Here we are talking about filtering list items again :). I got two comment suggesting the use of yield return.

James Curran said:

Don’t build a new list if you don’t have to.

private static IEnumerable EvenSlicker_FilterPositiveItems(IEnumerable t)
{
foreach(int n in t)
if (n > 0)
yield return n;

}

The advantage is if you try using the method this this:

foreach(int n in FilterPositiveItems(myList) {…}

Your way is O(2N) while mine is O(N)

and Configurator said:

Once again, I have to reiterate what I’ve stated here before.

I know you don’t like the ‘yield’ keyword, but it’s things like this that it’s meant for.

All of your examples create a copy of your list in memory, filtering only the needed results.

However, there are two methods that are a lot better unless you actually need a List:

1. Use the yield keyword directly. This function will return an IEnumreable object that when enumerated finds the results you want.

private static IEnumerable FilterPositives(IEnumerable numbers) {
foreach (int num in numbers)
if (num > 0)
yield return num;
}

2. Use LINQ’s Where method. The following two functions will return the same result as my previous example.

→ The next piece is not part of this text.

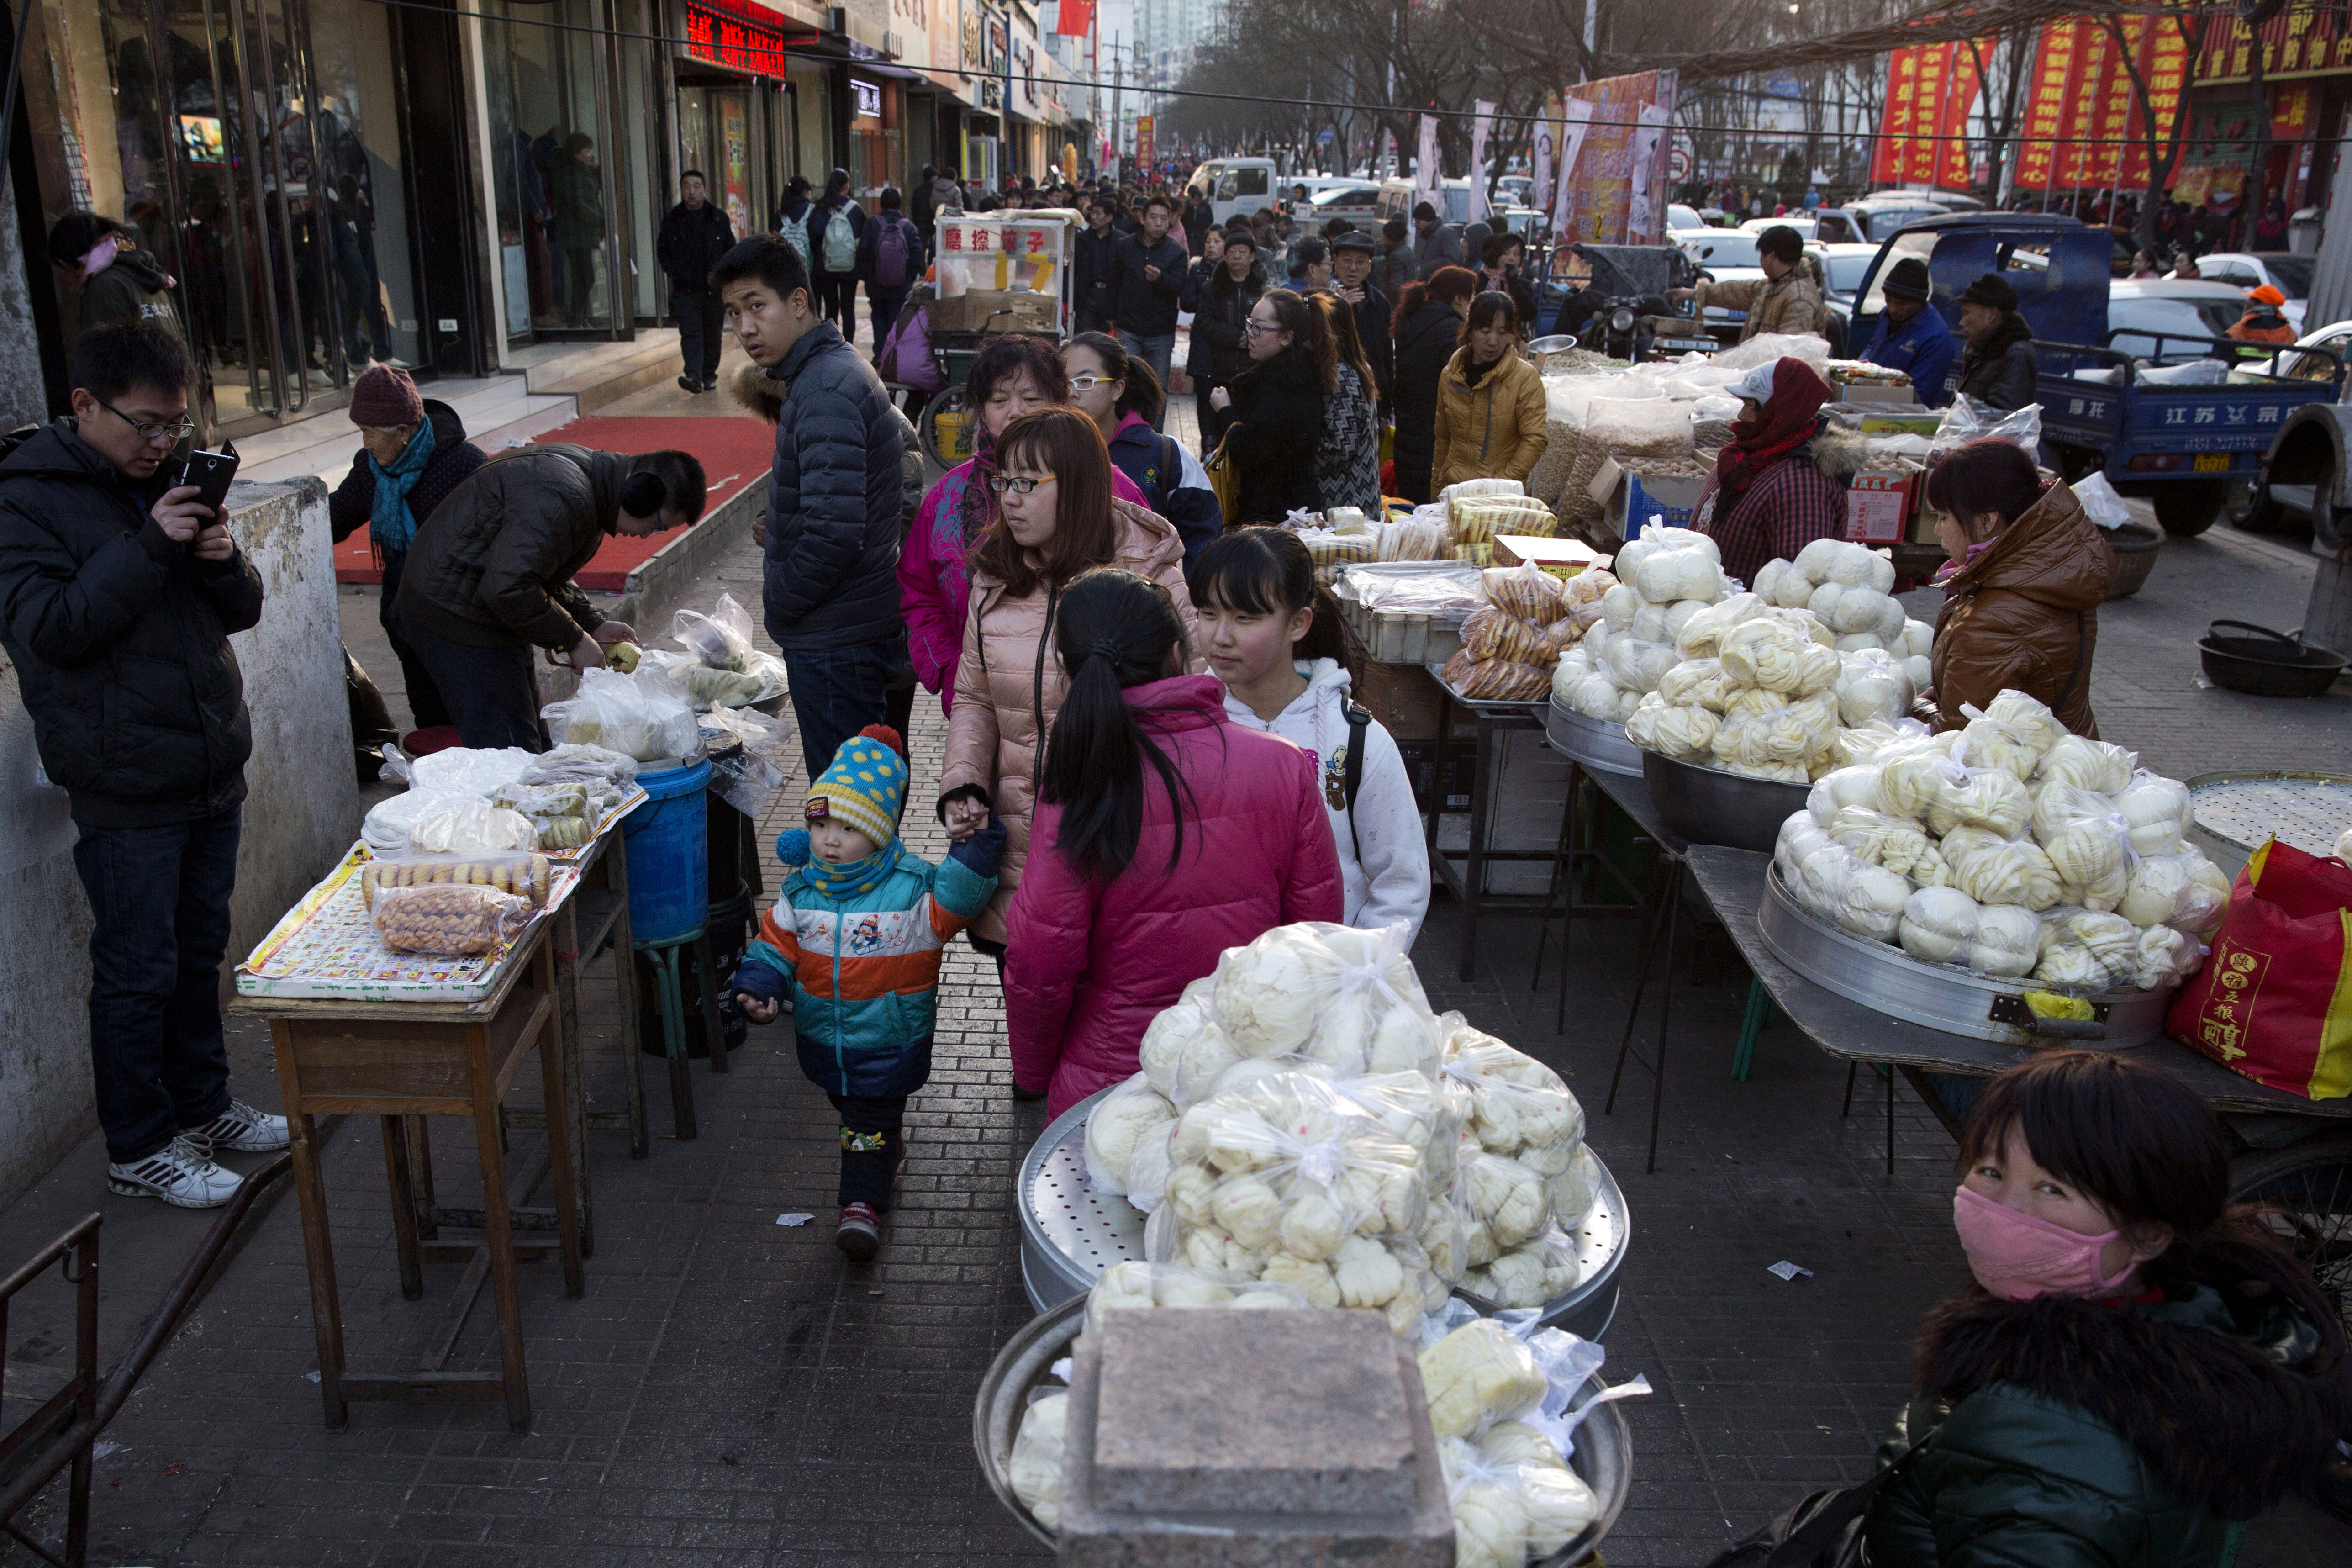 A market in China's Shanxi province as a survey showed an overall slowdown in the country's economy in the first quarter of 2015. Photo: AP

private static List FilterPositives2(List numbers) {
return numbers.Where(intpredicate); // intpredicate is your method from earlier
}

private static List FilterPositives3(List numbers) {
return numbers.Where(num => num > 0);
}

First of all thanks to Configurator and James for opening up a discussion. As configurator said "I am not fond of the Yield keyword" but I do recognize it must be used sometimes or we will never have had the opportunity to enjoy LINQ. However It must be said that I don’t like Yield for 2 reasons.

  1. Code Readability. I think that using yield makes debugging and understanding of the code mush harder.
  2. Its not Free. The compiler works pretty hard on creating many variables in the background, check it out below.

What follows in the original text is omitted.